2011-08-21 03:03:15 投稿 / 全2ページ    総閲覧数:600   閲覧ユーザー数:586

 

 ――結局寝不足だ。

 悶々とする、という行為には慣れていない。どんなことでも悩んでも仕方ないと思うし、結果は嫌でもついてくる。その結果というものは今まで自分が積み重ねてきたものの形であり、力及ばずに悔しくなることはあれど文句を言うこともない。自分の努力が足りなかっただけなのだ。

 才能だって別に平等に振り分けられているとも思わない。容姿から声から歩幅から、人間なんて不平等なのだ。勿論どうしようもない部分というものはあると思うが、どうにかなる部分が人より劣っているからという理由で諦めるのは、仮にその才能があったとしても伸びることなんて無いだろう。先駆者など見渡す限りにいる。

 ――頭は冷静に働いているのにな。

 悶々としているのに頭だけは正常に機能している。そして正常に機能していることが正常でないことに気付いていない。
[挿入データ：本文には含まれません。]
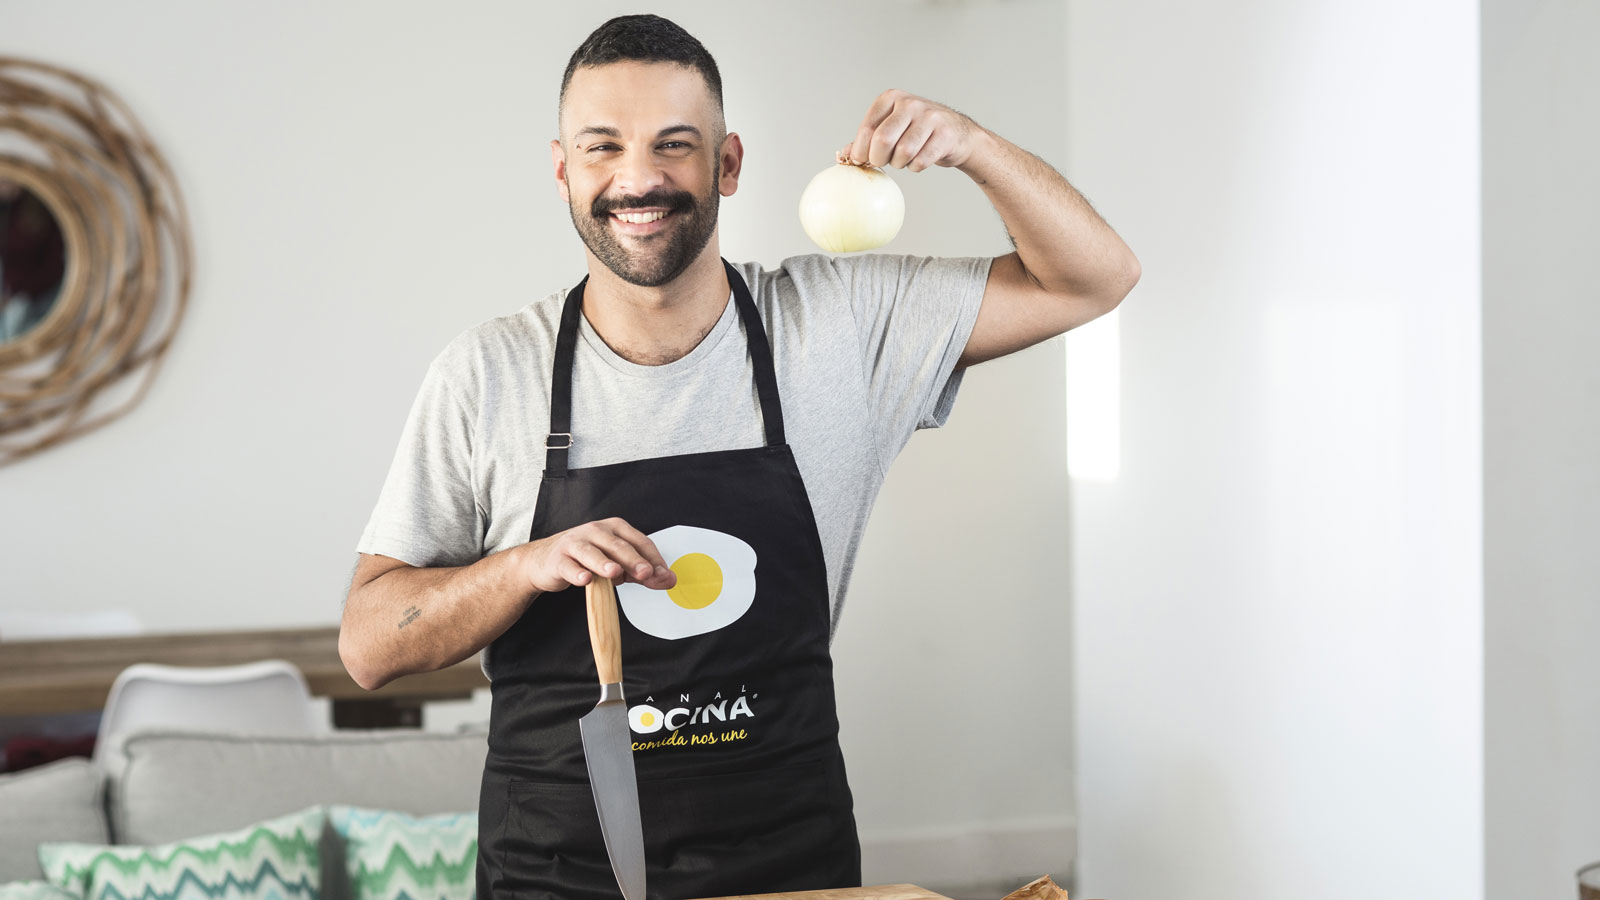 Canal cocina estrena caprichos de gordor una producci n for Canal cocina tapas

 如月千早はここ数日大草原の真ん中に一人で立っているような、そんな感覚に襲われていた。それはある種の開放感であり、希望に充ち溢れてもいるが、どうしたらいいのかわからない絶望でもある。この場では自分を信じて先へ進んで歩くことこそが努力なのだが、融通のきかない千早は必死に風を読み鳥が飛んでいく方向を気にして行き先を探し、形の変わったそれに気づくことができない。

 千早は時計を確認する。デジタルの時計は六時四十分を表示していた。目覚ましを止めてから十分たっているが、今の千早にとってはそれは重要ではない。ましてや時刻の下に表示されている六度という現在の気温も関係ない。問題はその気温の横に表示されている日付、二月十三日というリミット一日前の表示、ただひとつだけだった。

 

 その悶々は学校にまで尾を引いていた。

 元々友達も多い方ではないし、クラスメイトも私がアイドル活動をしていることに気を使ってかあまり話しかけてこない。この学校生活を他人がどう言うかは知らないが、千早にとってそれが日常でありそれ以上でもそれ以下でもない。
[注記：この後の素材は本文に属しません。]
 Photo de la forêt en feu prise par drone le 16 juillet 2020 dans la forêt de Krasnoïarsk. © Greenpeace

 だからいつもなら何も思うことはないのだが、この二、三日は何故か周りの目が気になった。

 誰と話すこともなく一人で窓の外を見ていることをなんと思われているのだろう。

 形式的とはいえアイドルとして活動していることに、生意気だとか調子に乗ってるだとか思われているのだろうか。

 普段ならそんなことを考えたってしょうがない、の一言で済むことが、イヤに気になる。そして千早はそこで思考停止をする。
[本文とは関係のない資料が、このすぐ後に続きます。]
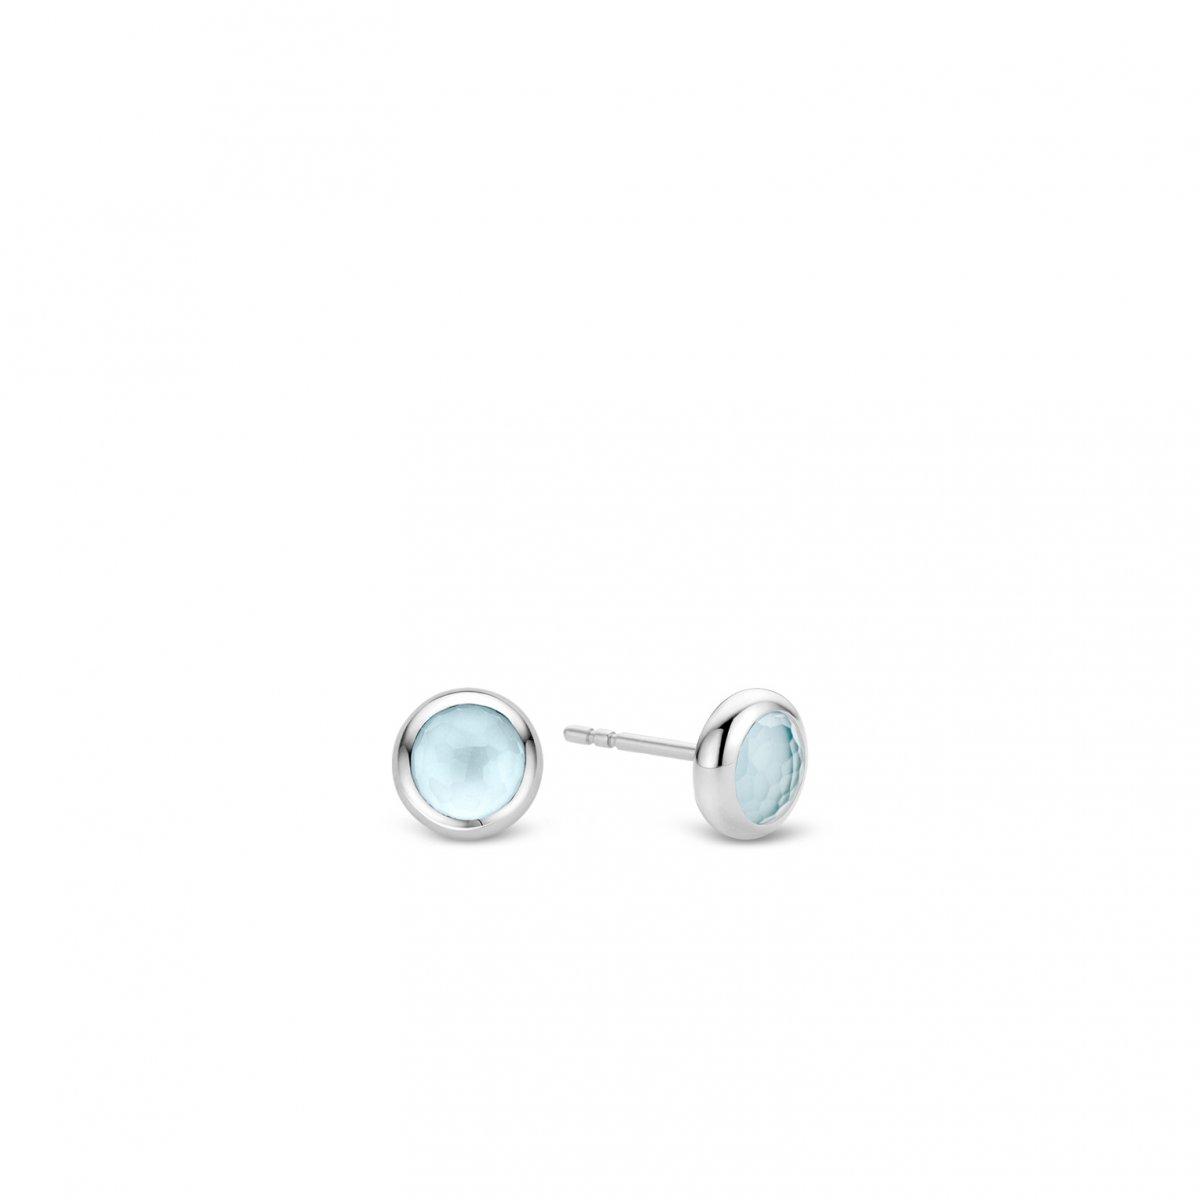 e271773c6 Náušnice TI SENTO s modrým kameňom 7748WL | MOLOKO

 千早は人の心と言うものに入り込むのが怖かった。怖い、というより拒絶をしていると言った方が的確かもしれない。

 人の心を理解するには自分をさらけ出さないといけないという。そうして相手はやっと警戒心をとくらしい。しかし、自分をさらけ出したら相手の警戒心はますます増え、固く殻を閉じるかもしれない。千早は自己否定されることに恐怖を感じていた。

 家庭環境が良くなかったせいかもしれない。両親の不仲に耳をふさぎ自分を守るために城壁を築くと、安全が確保されたその中には人が集まり街が生まれる。その絶妙なバランスの上に成り立ち旧来的に閉鎖されている街の空気と言うのは、ほんの一人の侵略者によって容易くかき乱される。だから城下町の住人、すなわち千早の心は城門を開けてはいけないことを本能的に知っている。

 ――どうして最近こんなことばかり考えてしまうのかしら。それもこれも――

 音無さんのせいだ、と千早は逆恨みをする。そしてバレンタインを恨む。さらにはプロデューサーもついでに。

 今までバレンタインなどは瞳の端っこにわずかに映る、なんでもない行事のひとつだった。気にしてない、という言葉を使うことも無いくらいどうでもいい風習だった。

 しかし今年は違った。千早は高校生であるとはいえアイドル活動をしている立派な社会人なのだ。一週間ほど前、音無小鳥に「社長はまあいいけど、お世話になってるプロデューサーさんくらいは――ね?」と言われたのが千早の苦悩の始まりだった。音無さん曰く社会人は社交辞令としてお世話になっている人にちゃんとチョコを渡さねばならないという。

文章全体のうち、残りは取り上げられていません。